Six million Americans could lose their benefits if the Supreme Court sides against the administration in a case to be decided this month. King v. Burwell could strike down the subsidies for people living in the 34 states that did not create their own health exchanges.

Entering office in 2009 with big Democratic majorities in both houses of Congress, Obama chose to make large-scale health care legislation one of his top two priorities along with the economic stimulus, sidelining proposals for major bills on climate change and immigration.

The long, deeply-divisive process to pass the ACA not only left Obama with little time or ability to push other major bills, but heightened the public’s anger with Washington and helped lead to Republicans winning control of Congress in 2010.

Obama’s choice seemed vindicated.

In March, the U.S government estimated more than 16 million Americans had gained health insurance since the passage of the ACA. A higher percentage of Americans have health insurance than at any time since the 1980’s.

And Obamacare, which conservatives dubbed the law to mock the president, has become a moniker Obama himself embraces.

Related: Obama Administration Argues GOP Health Care Suit Should be Tossed

Speaking from the G-7 summit on Monday, President Obama defended his administration’s approach to the ruling. White House officials have repeatedly said they have no plan B if the high court strikes down the subsidies, because they are confident that won’t happen.

In his remarks, Obama questioned the Supreme Court for even taking up the case, which centers on whether the law allows federal subsidies to go to residents of 34 states that have not set up their own health care marketplaces. The Court should allow the subsidies, the president, a former constitutional law professor, saidt was such an obvious legal question that this is an “easy case” and “probably shouldn’t even have been taken up” by the Court.

Those comments were clearly aimed at the conservative justices on the Court, who are believed to be hostile to the law and the administration’s interpretation of it.

And they fit Obama’s strategy from the past. In 2012, on the eve of a previous ruling that could have gutted the ACA, the president also publicly lectured the justices, urging them to show “restraint and deference to our duly elected legislature, our Congress” and “abide by well-established precedents.”

The president also emphasized on Monday “Congress could fix this whole thing with a one-sentence provision,” that clarified subsidies could go to residents of the 34 states using the federal exchange.

President Obama told reporters at a news conference Monday “… we're going to get a ruling pretty quick, I think it's important for us to go ahead and assume that the Supreme Court is going to do what most legal scholars who've looked at this would expect them to do.”

Obama said striking down one of the laws main tenants was a “bad idea” and said those who line up against the administration on this case have a “twisted interpretation” of the law.

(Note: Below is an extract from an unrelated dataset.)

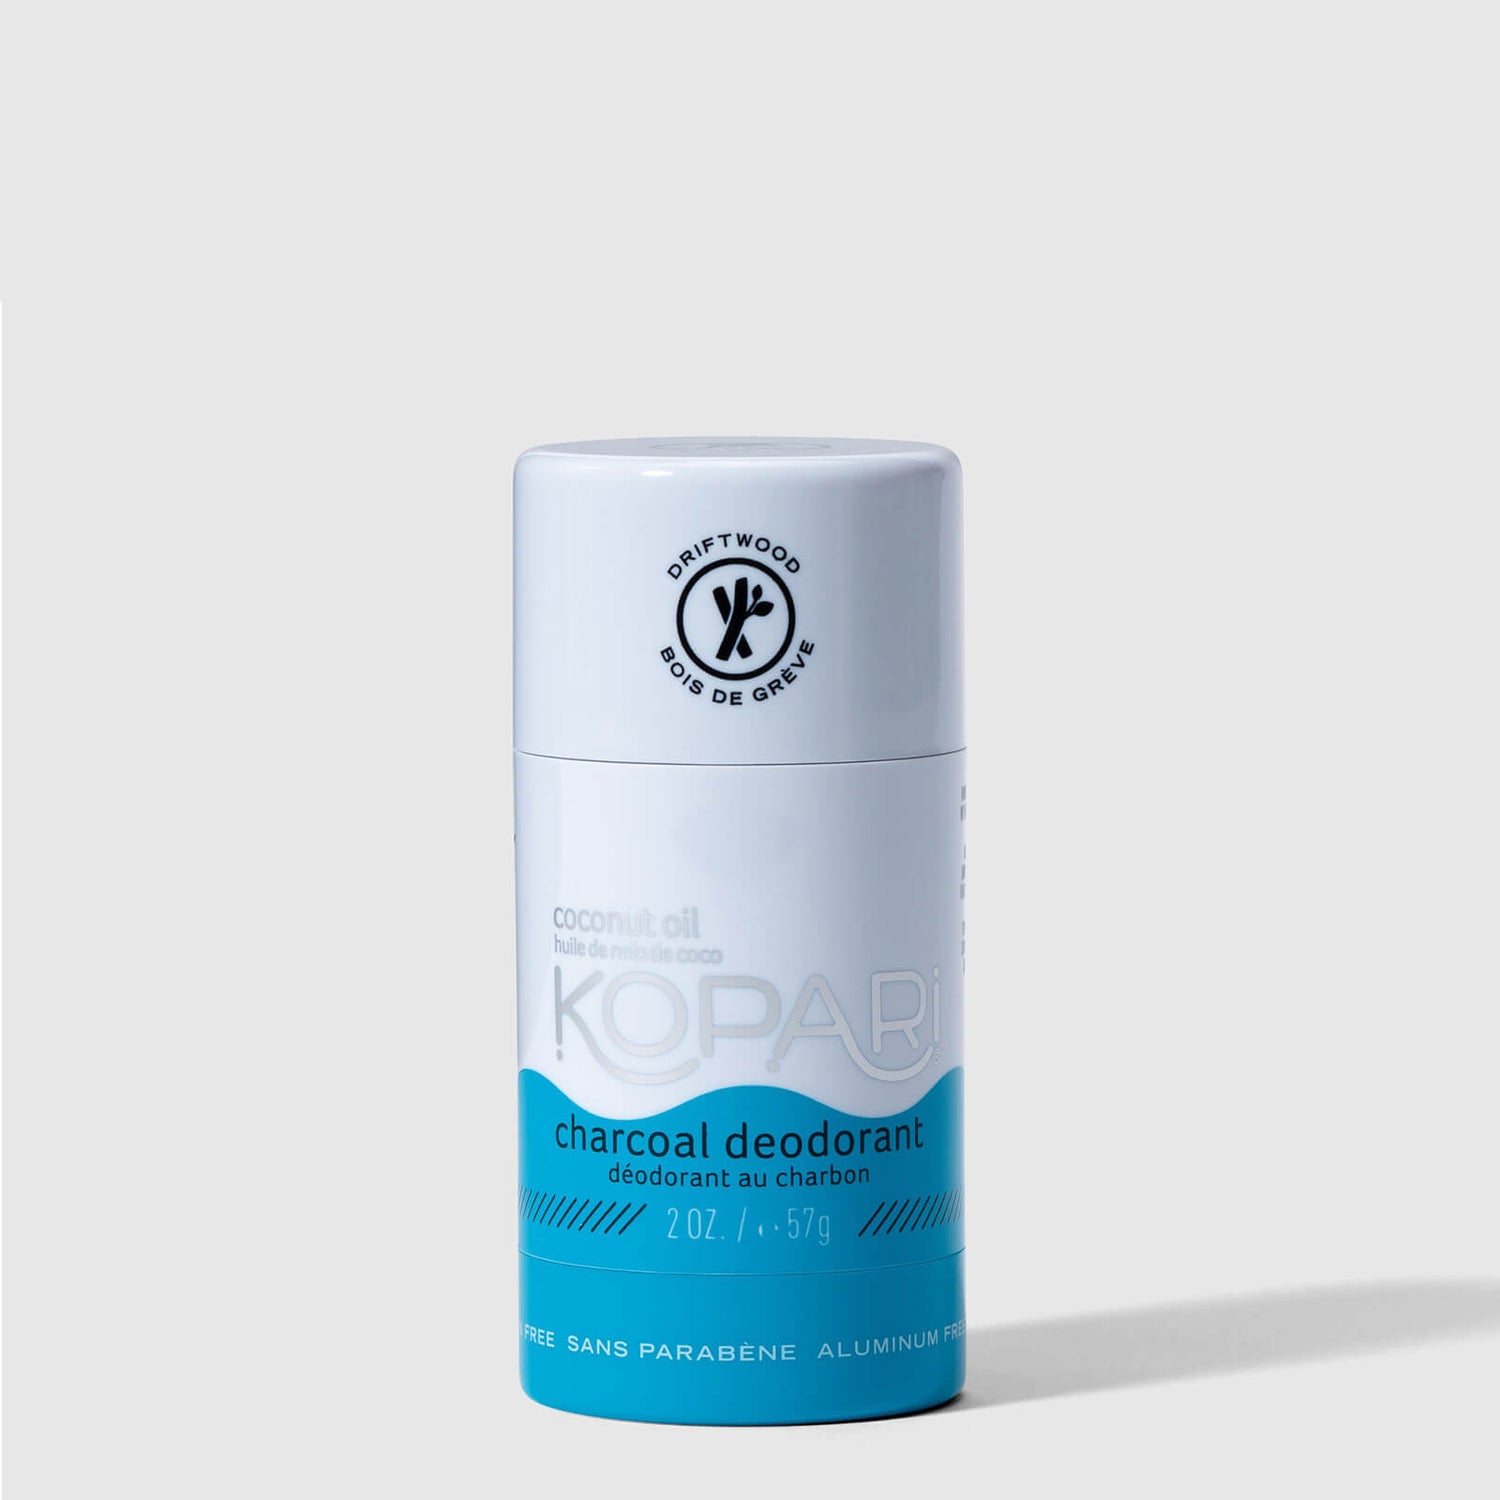 Kopari Beauty Aluminum Free Coconut Deodorant
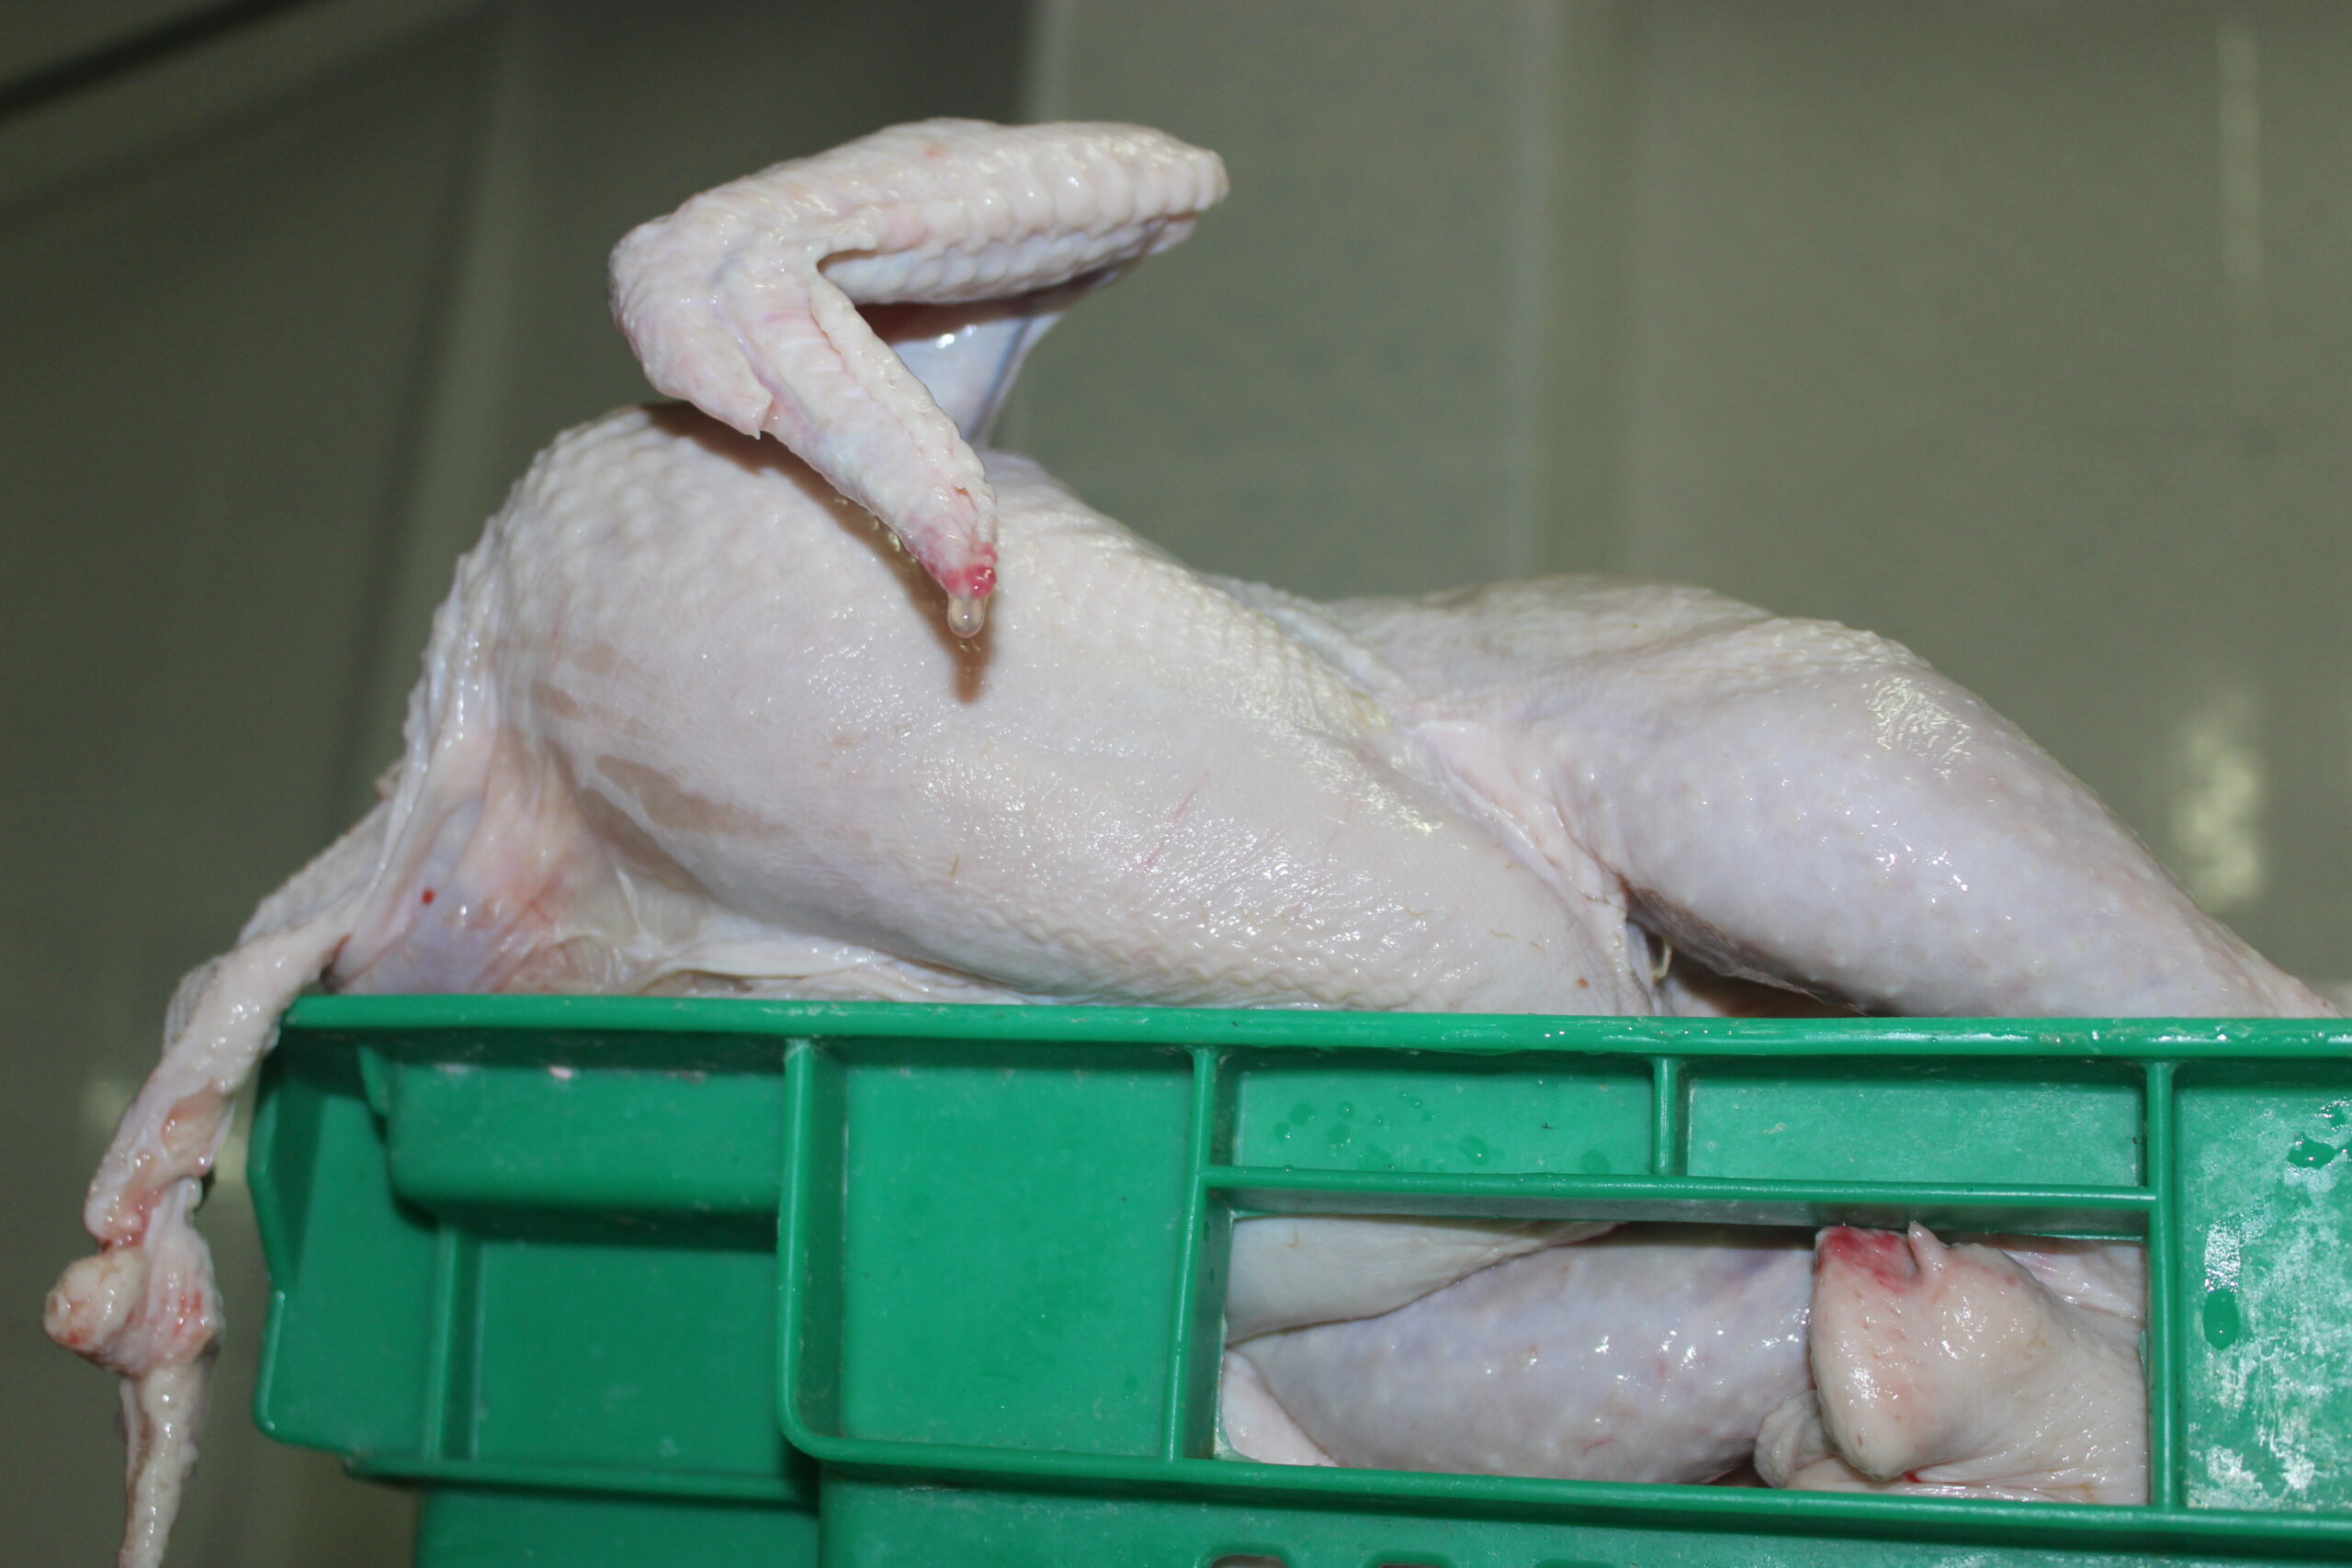 «АСА АГРО»: жамбылцев завалят куриным мясом

Obama’s comments illustrate that both parties are preparing for the fallout from a Court decision that invalidates the subsidies, even though no one is sure what the justices will ultimately decide.

Republicans in Congress responded to Obama’s remarks by emphasizing they will not agree to a one-sentence fix. They are looking to a Court decision against Obamacare to press for greater changes to the law.

“Republicans aren’t interested in a one-sentence fix – unless that sentence is: ‘Obamacare is repealed,” Republican Sen. John Barrasso of Wyoming said in a statement.

The court case comes down to four words “established by the state”. Challengers say subsidies are only valid in states that set up their own exchanges. The Obama administration contends that was never the law's intent.

The president went on to defend the law as giving 16 million people health insurance with costs substantially lower than estimates.

“What's more, the thing is working," Obama said. "I mean, part of what's bizarre about this whole thing is we haven't had a lot of conversation about the horrors of Obamacare because none of them come to pass."